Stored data
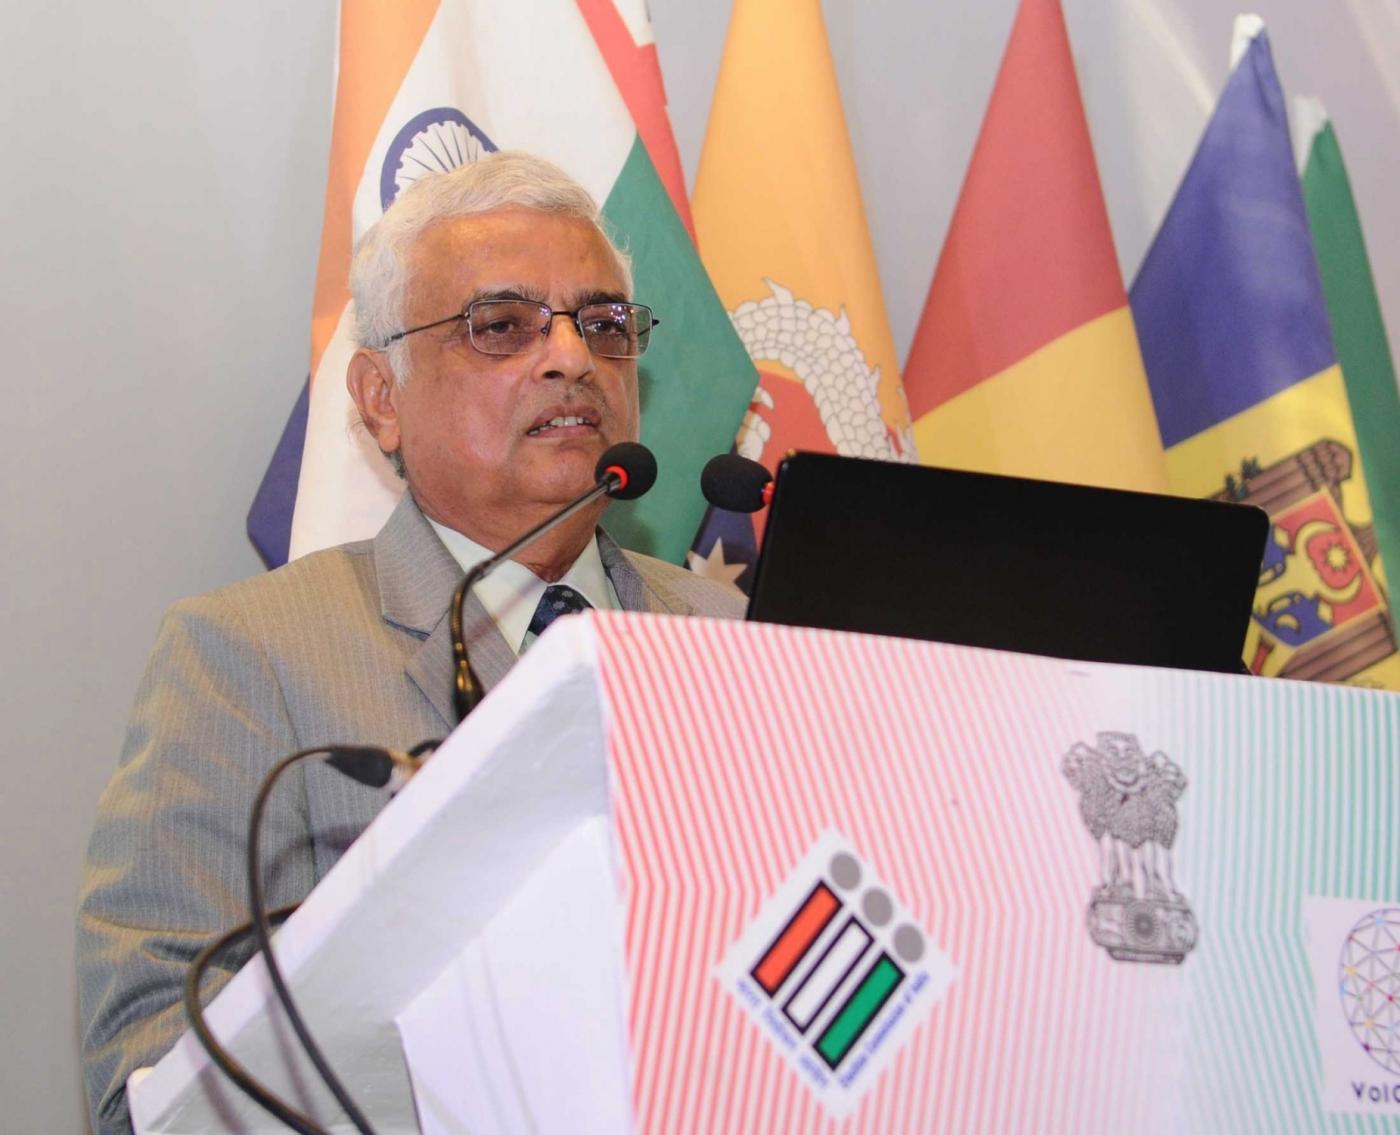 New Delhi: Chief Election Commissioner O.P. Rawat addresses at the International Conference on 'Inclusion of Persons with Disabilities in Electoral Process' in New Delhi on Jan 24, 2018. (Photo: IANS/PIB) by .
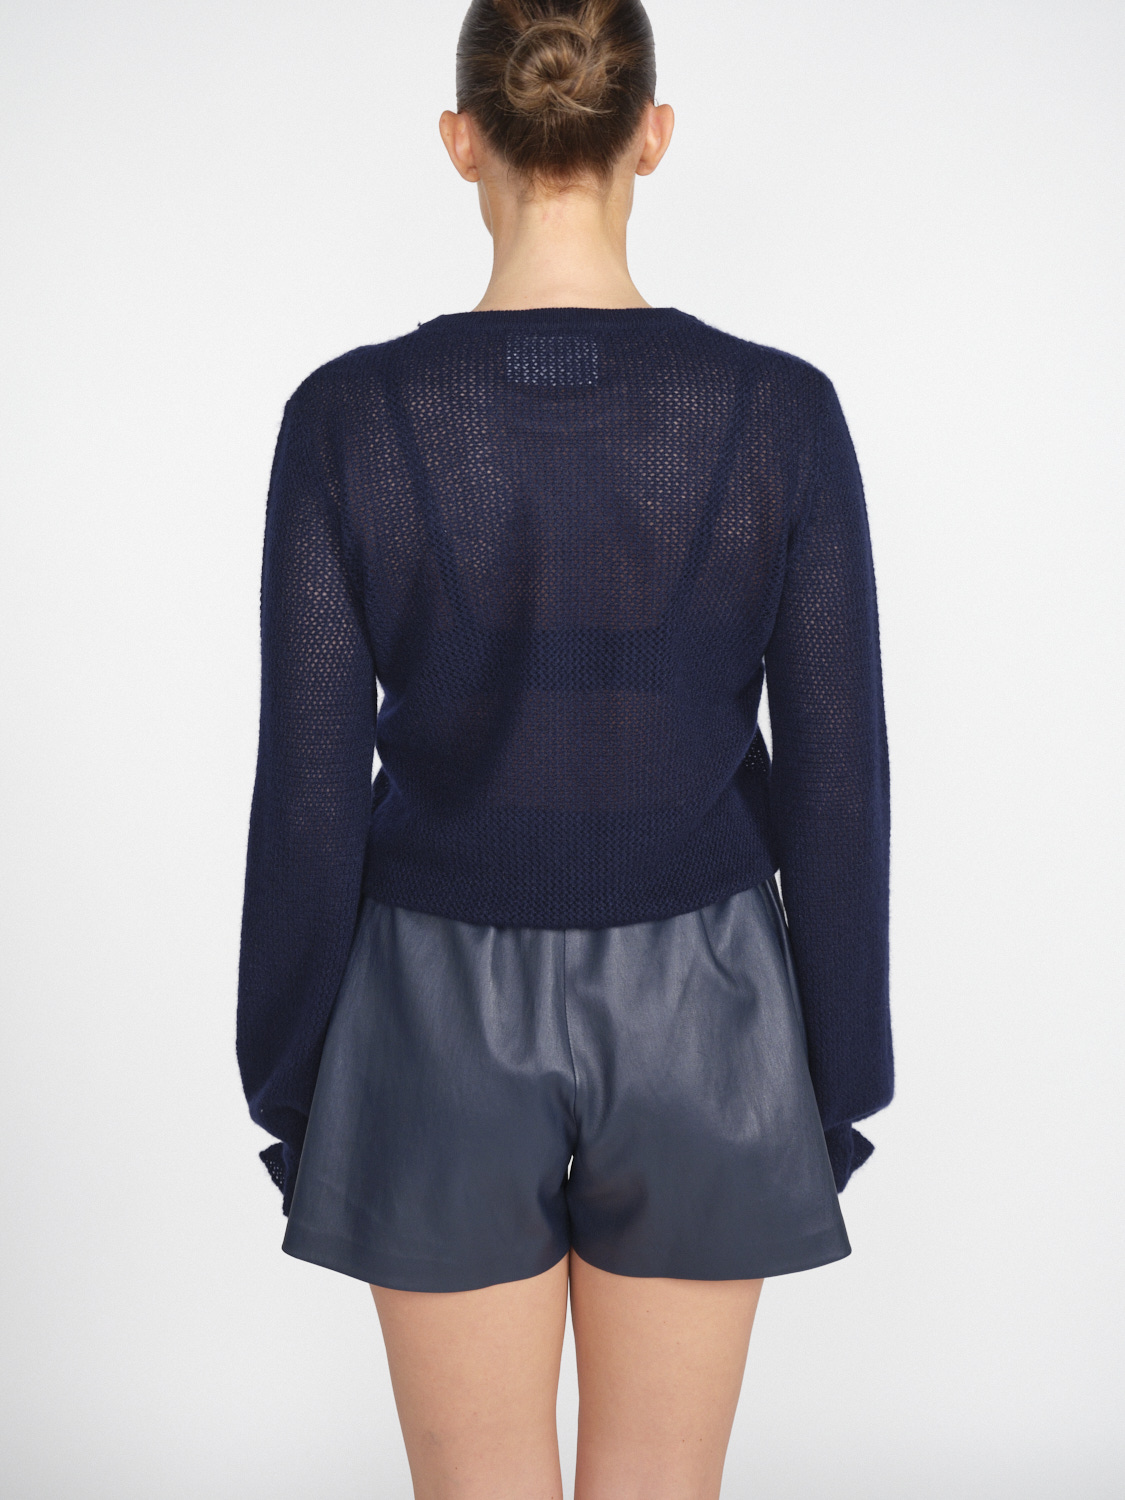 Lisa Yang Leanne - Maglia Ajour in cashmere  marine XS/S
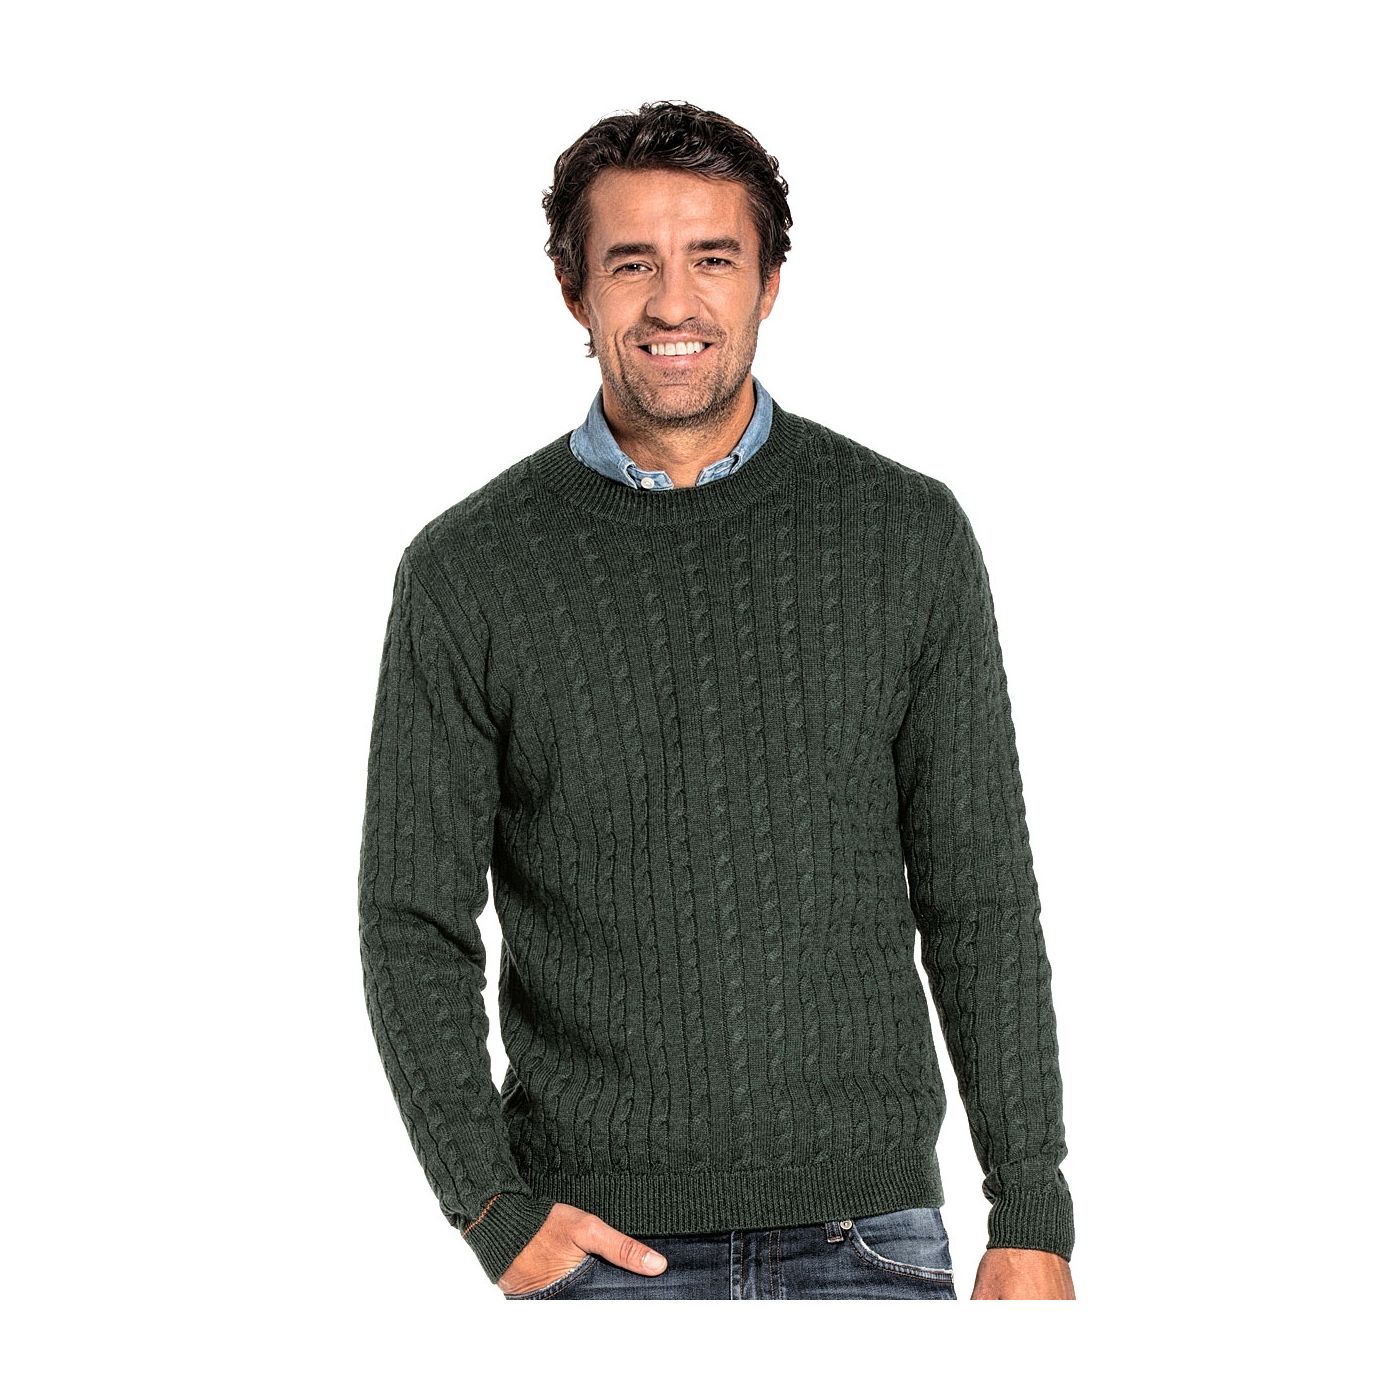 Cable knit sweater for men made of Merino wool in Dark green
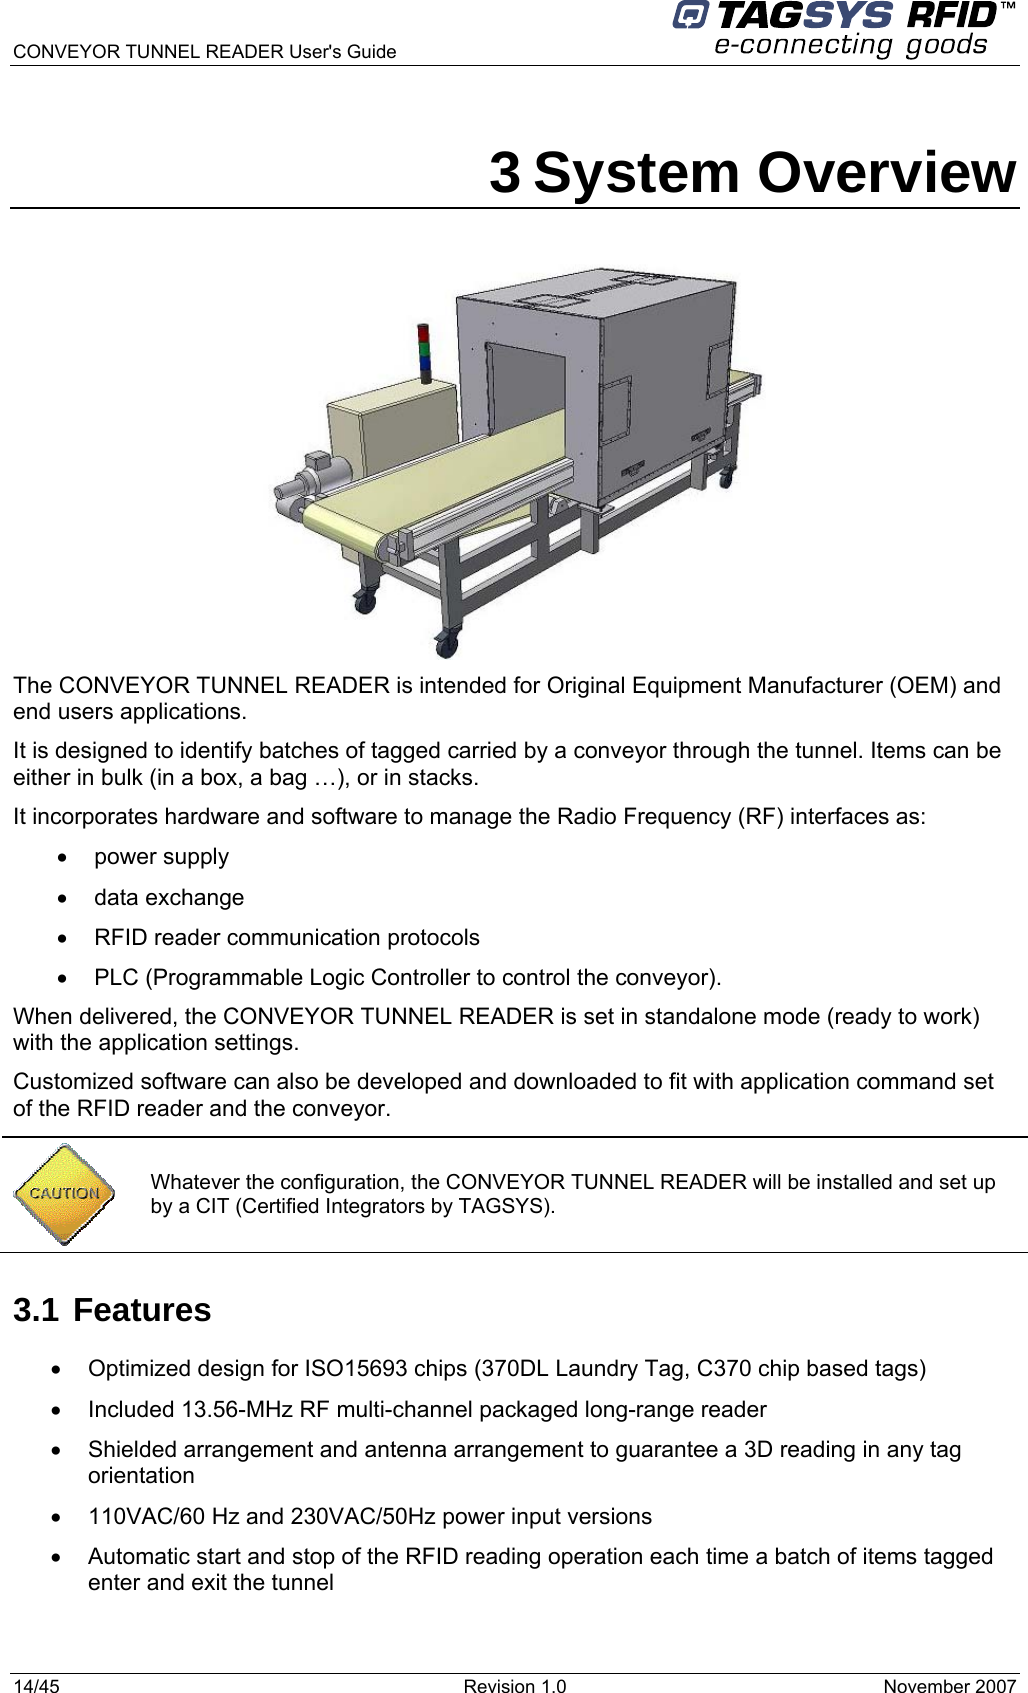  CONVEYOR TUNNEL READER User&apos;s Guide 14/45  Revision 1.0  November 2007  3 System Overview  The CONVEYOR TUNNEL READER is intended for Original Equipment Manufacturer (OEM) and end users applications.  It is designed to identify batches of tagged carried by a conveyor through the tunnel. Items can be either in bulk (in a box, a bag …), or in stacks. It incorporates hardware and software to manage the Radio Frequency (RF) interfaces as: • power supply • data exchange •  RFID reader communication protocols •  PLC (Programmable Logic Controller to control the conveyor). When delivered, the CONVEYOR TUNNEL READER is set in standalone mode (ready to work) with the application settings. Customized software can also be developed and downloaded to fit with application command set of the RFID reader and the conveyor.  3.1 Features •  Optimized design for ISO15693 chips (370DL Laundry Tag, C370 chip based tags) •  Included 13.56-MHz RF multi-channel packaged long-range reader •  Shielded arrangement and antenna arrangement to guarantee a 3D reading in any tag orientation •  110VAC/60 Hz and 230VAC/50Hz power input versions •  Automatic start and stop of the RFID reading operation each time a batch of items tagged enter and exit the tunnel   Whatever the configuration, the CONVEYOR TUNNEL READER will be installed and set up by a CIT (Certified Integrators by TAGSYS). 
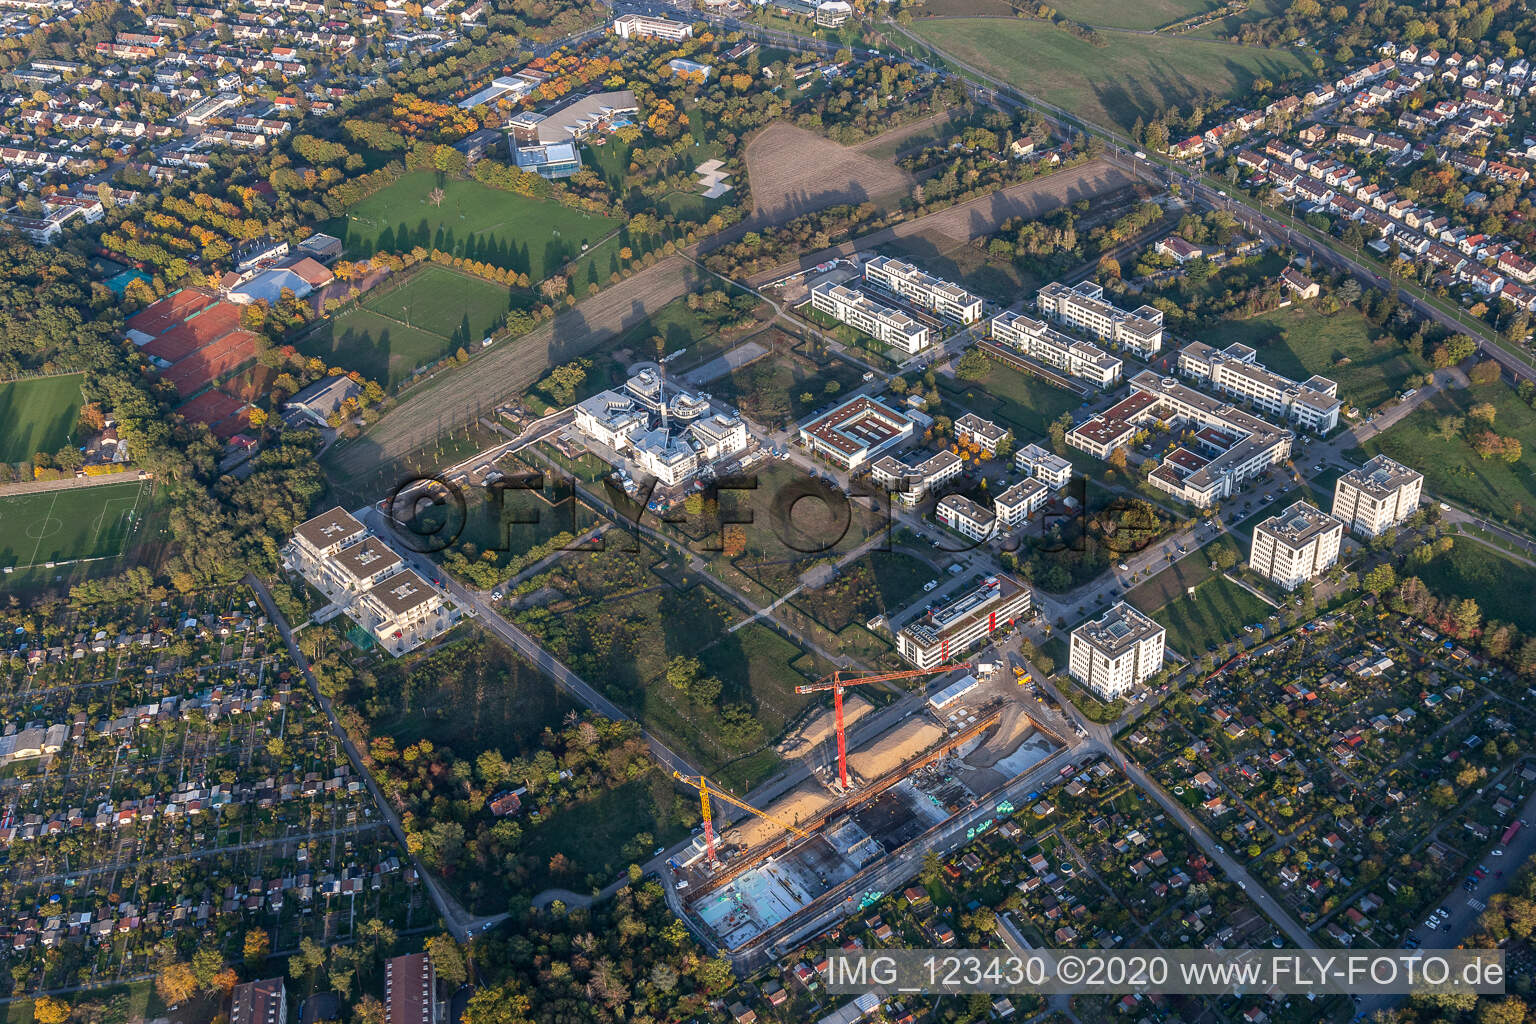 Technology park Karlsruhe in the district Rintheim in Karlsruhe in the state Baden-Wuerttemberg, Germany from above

-- EXERCISE GOAL --
Reproduce the data exactly, please, and omit its pictures.

-- REPLY TO THE EXERCISE --
 New Delhi: Chief Election Commissioner O.P. Rawat addresses at the International Conference on 'Inclusion of Persons with Disabilities in Electoral Process' in New Delhi on Jan 24, 2018. (Photo: IANS/PIB) by .
 Lisa Yang Leanne - Maglia Ajour in cashmere  marine XS/S
 Cable knit sweater for men made of Merino wool in Dark green
  CONVEYOR TUNNEL READER User&apos;s Guide 14/45  Revision 1.0  November 2007  3 System Overview  The CONVEYOR TUNNEL READER is intended for Original Equipment Manufacturer (OEM) and end users applications.  It is designed to identify batches of tagged carried by a conveyor through the tunnel. Items can be either in bulk (in a box, a bag …), or in stacks. It incorporates hardware and software to manage the Radio Frequency (RF) interfaces as: • power supply • data exchange •  RFID reader communication protocols •  PLC (Programmable Logic Controller to control the conveyor). When delivered, the CONVEYOR TUNNEL READER is set in standalone mode (ready to work) with the application settings. Customized software can also be developed and downloaded to fit with application command set of the RFID reader and the conveyor.  3.1 Features •  Optimized design for ISO15693 chips (370DL Laundry Tag, C370 chip based tags) •  Included 13.56-MHz RF multi-channel packaged long-range reader •  Shielded arrangement and antenna arrangement to guarantee a 3D reading in any tag orientation •  110VAC/60 Hz and 230VAC/50Hz power input versions •  Automatic start and stop of the RFID reading operation each time a batch of items tagged enter and exit the tunnel   Whatever the configuration, the CONVEYOR TUNNEL READER will be installed and set up by a CIT (Certified Integrators by TAGSYS). 
 Technology park Karlsruhe in the district Rintheim in Karlsruhe in the state Baden-Wuerttemberg, Germany from above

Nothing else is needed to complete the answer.